According to the flexible dynamic analysis, the fundamental frequency of the solar wing of the experiment module is greater than 0.2Hz under the first expansion state, and the stiffness characteristics are good. Through attitude control simulation, the flexible dynamic characteristics meet the rendezvous and docking control requirements of the experiment module when 7m is deployed at a time, and rendezvous and docking can be completed.

The in-orbit identification test of solar wing frequency was carried out in the flight mission of Wentian experiment module in July, 2022, and the main solar wing frequency was measured and identified in orbit. The deviation between the on-orbit measured value and the simulation results was better than 5% [13], greatly improved the attitude control of the space station.

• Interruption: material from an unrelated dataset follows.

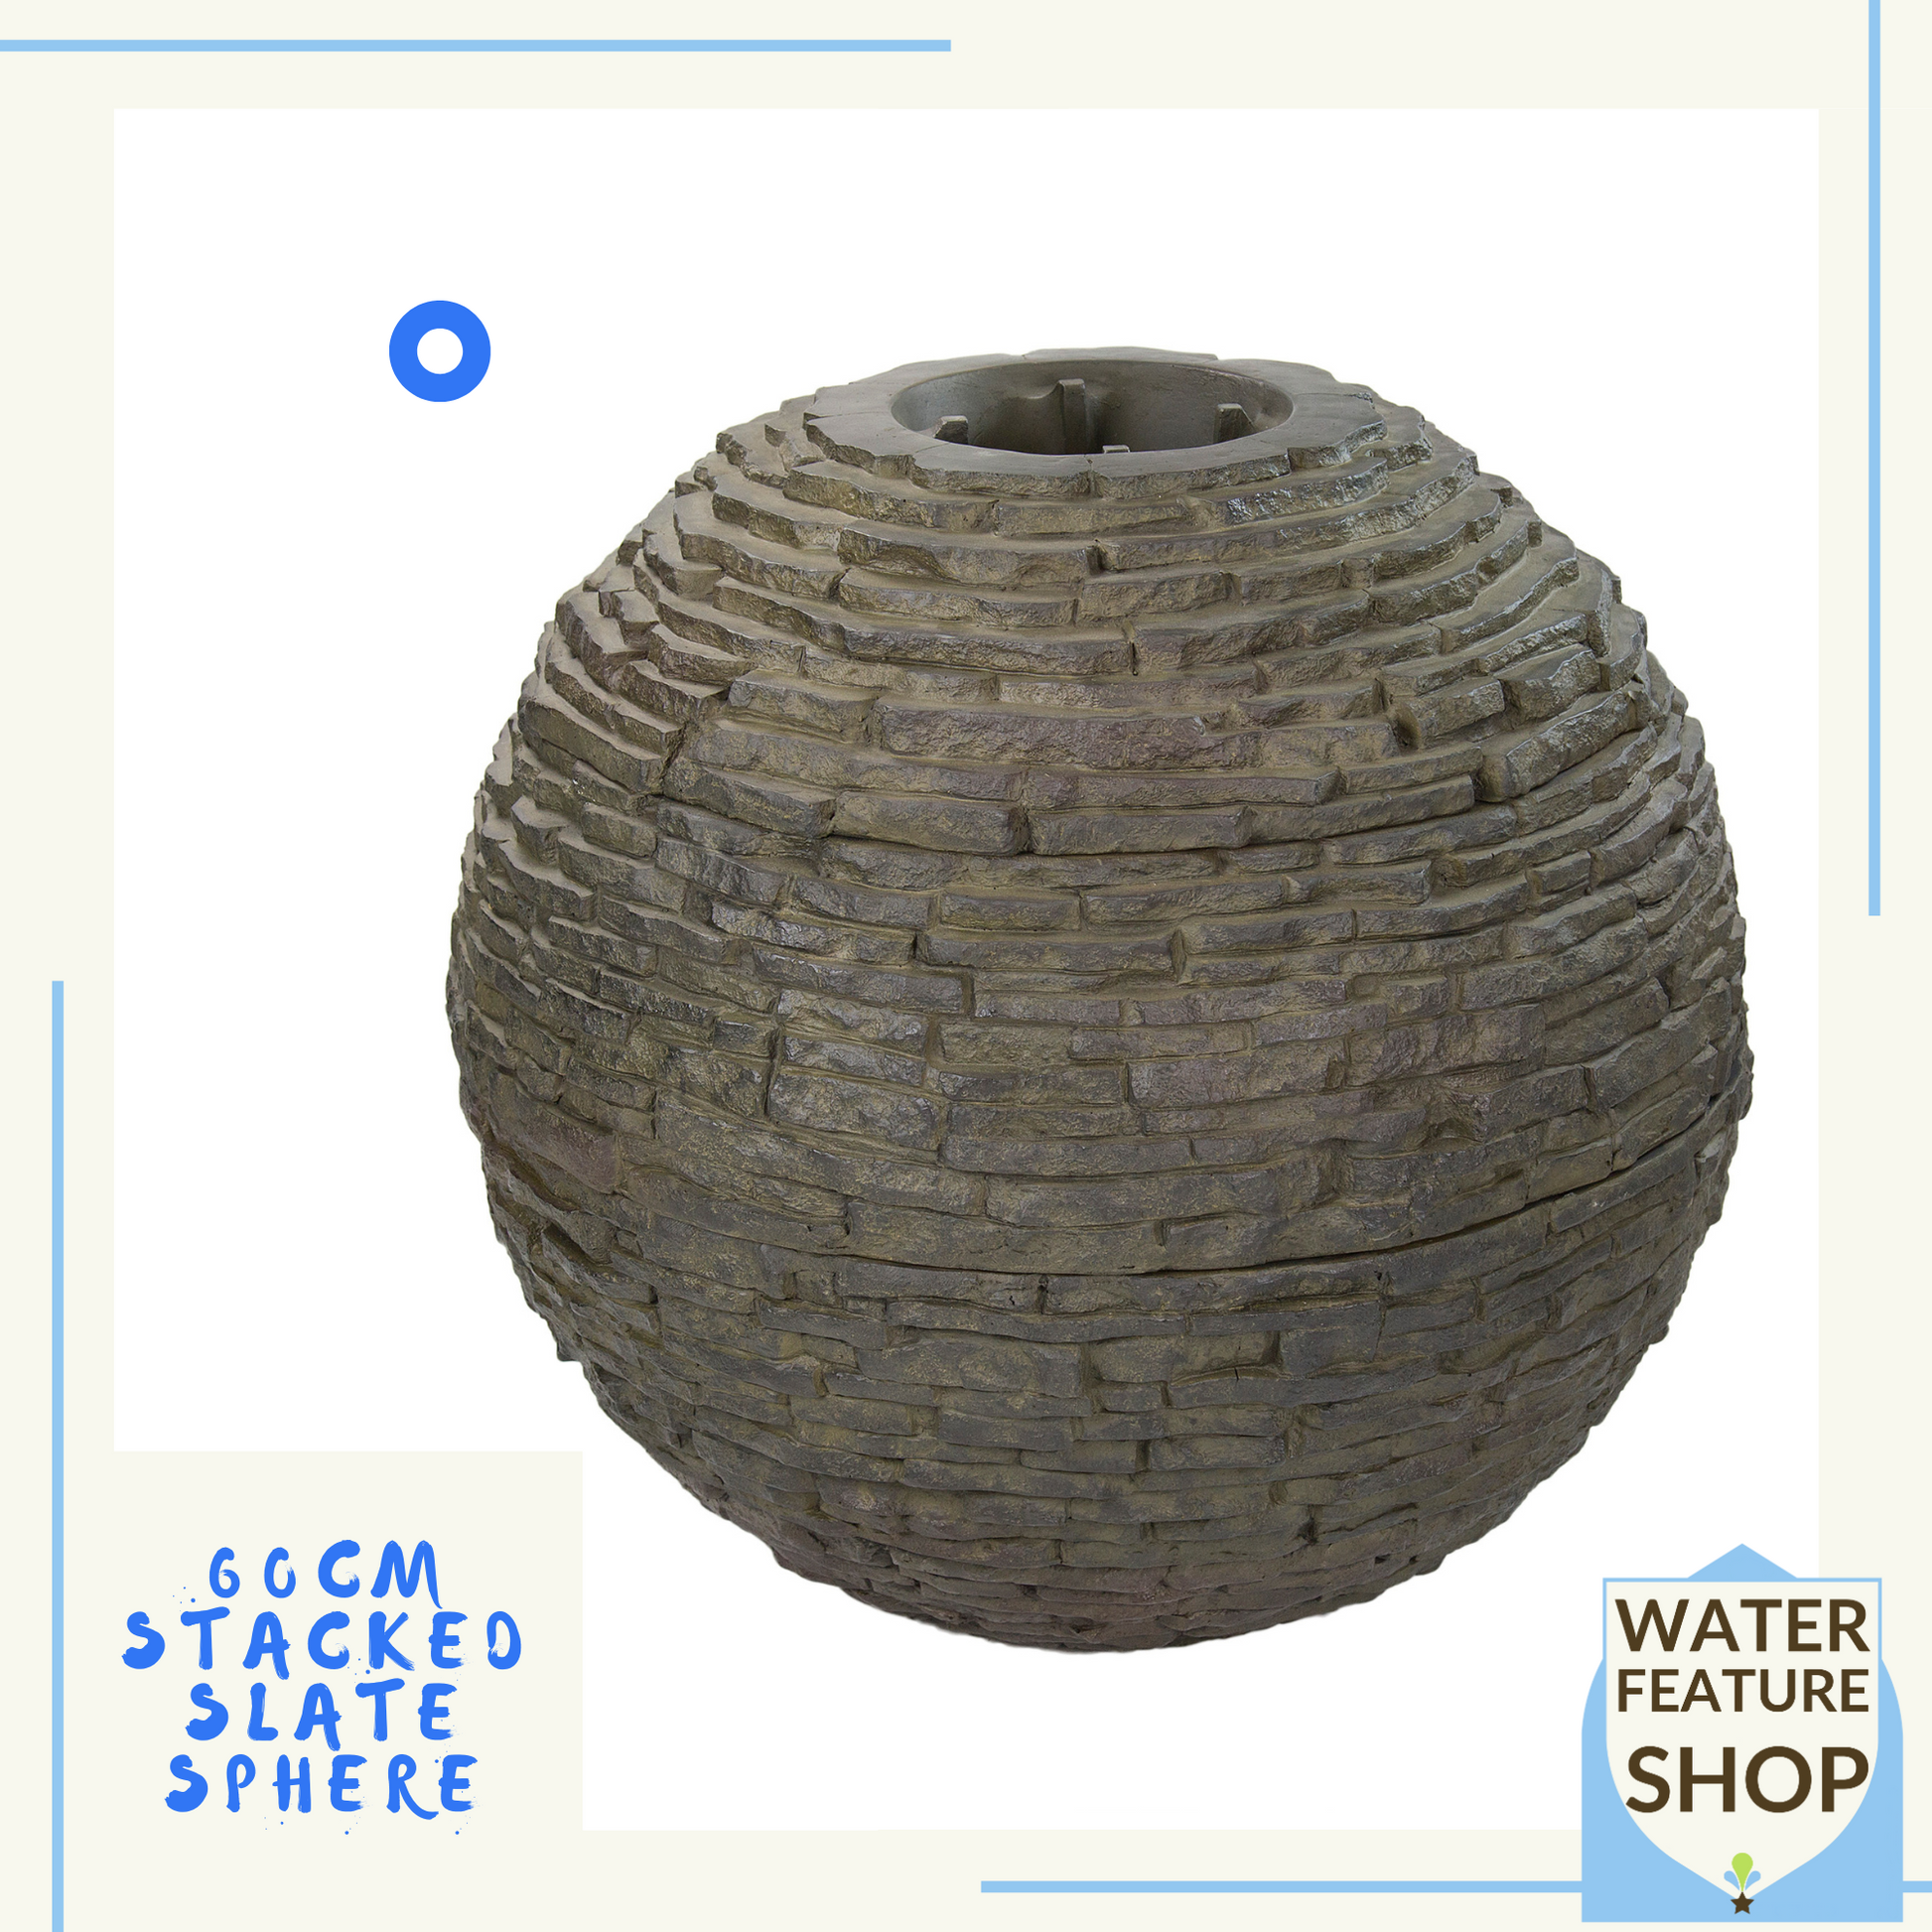 Stacked Slate Sphere - Garden Water Feature

Control the Quality Characteristics of the Whole Cabin in a Reasonable Layout

For cylindrical manned spacecraft with a large aspect ratio, the inertia of pitch/yaw axis is generally required to be more than 5 times greater than that of the rolling axis, so as to ensure that the thrust imbalance of the engine has less influence on the rendezvous and docking accuracy.

Because the inertia of the rolling shaft is highly sensitive to the control coupling, the key control is carried out. Based on simulation analysis, the moment of inertia of the rolling shaft was increased through reasonable optimization of equipment layout, and the engine layout and selection were optimized at the same time. The amplitude of rolling control torque was controlled to ensure that the design inertia of rolling axis was not less than 9×104kg·m2 (not much smaller than inertia of other arises), and the level of rolling engine control torque was not more than 140Nm. The mass characteristic control of the whole experiment module can meet the requirements of each stage of the flight mission.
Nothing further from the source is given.